PROTECTIONS FOR SAME-SEX SPOUSES
In 2013, the U.S. Supreme Court ruled that the federal Defense of Marriage Act’s (DOMA) ban on federal recognition of same-sex marriages was unconstitutional. Due to the Supreme Court’s DOMA decision, eligible employees in same-sex marriages are entitled to take FMLA leave to care for their spouses or family members. Eligible employees may take:
- Leave to care for their same-sex spouse with a serious health condition;
- Qualifying exigency leave due to their same-sex spouse’s covered military service; or
- Military caregiver leave for their same-sex spouse.
In August 2013, the DOL issued Fact Sheet #28F to clarify the scope of an employer’s obligation to make FMLA available to same-sex spouses. This fact sheet provided that, under the FMLA, the term “spouse” includes a same-sex spouse if the marriage is recognized under the laws of the state in which the employee resides.
On Feb. 25, 2015, the DOL issued a final rule that expands the FMLA protections for same-sex spouses. Under final rule, eligible employees in legal same-sex marriages will be able to take FMLA leave in order to care for their spouses or family members, regardless of where they live. The final rule becomes effective on March 27, 2015.

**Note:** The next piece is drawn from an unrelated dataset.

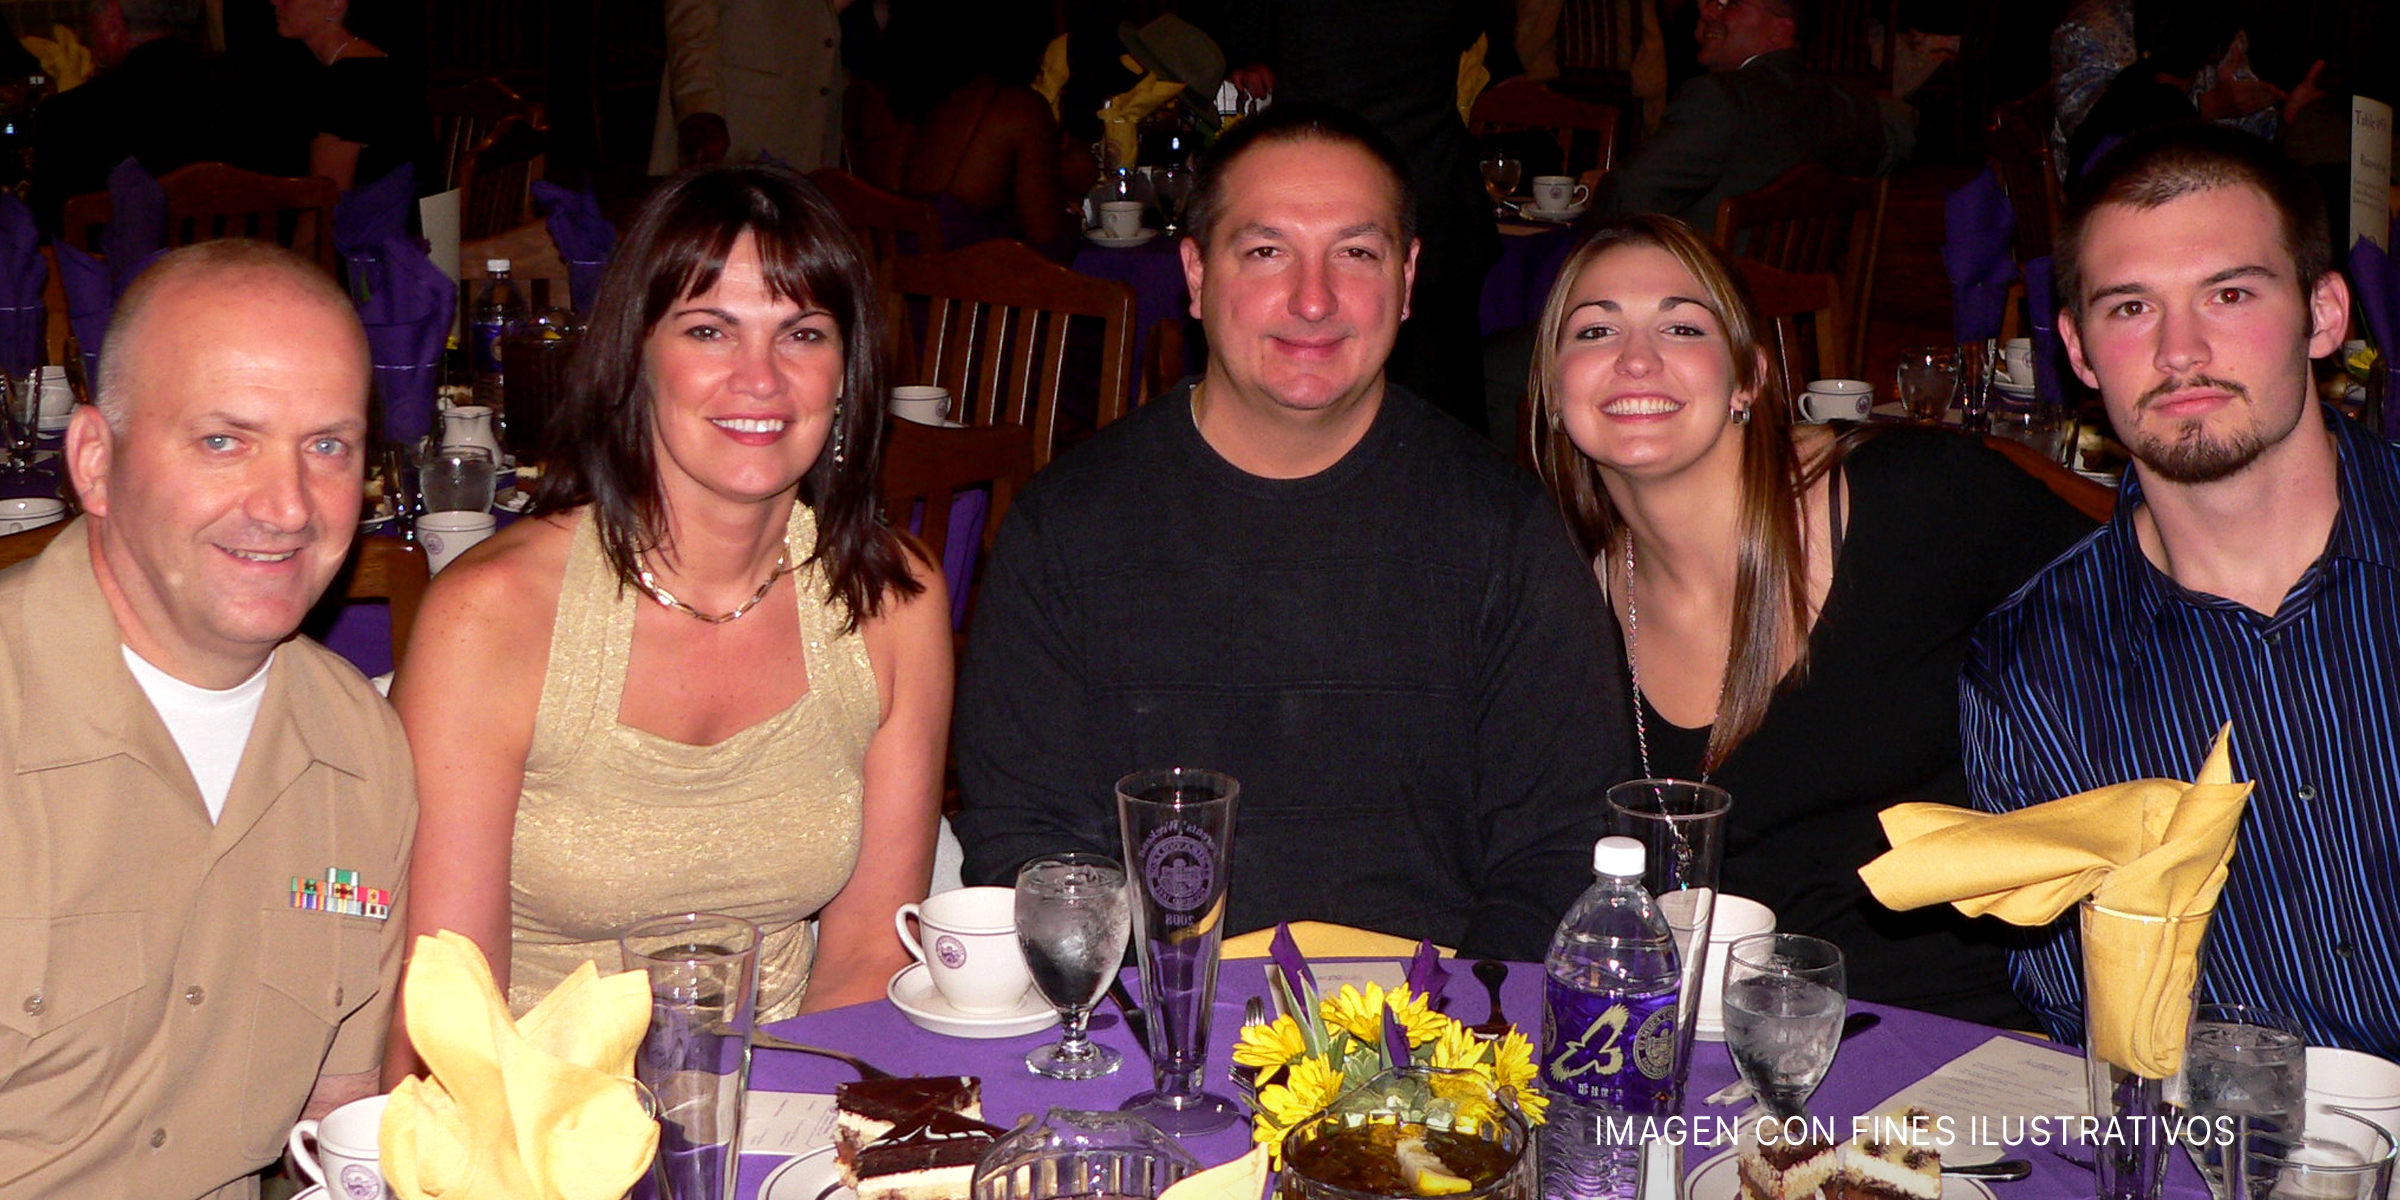 Gente reunida para cenar en familia en un restaurante | Foto: Flickr.com (CC BY 2.0)

The final rule expands the basis for an employee to take leave to care for a child of a same-sex spouse. Under the final rule, eligible employees are entitled to take FMLA leave to care for their stepchild (the child of the employee’s same-sex spouse) even if the in loco parentis requirement of providing day-to-day care or financial support for the child is not met. The final rule also entitles an eligible employee to take FMLA leave to care for a stepparent who is the same-sex spouse of the employee’s parent, regardless of whether the stepparent ever stood in loco parentis to the employee.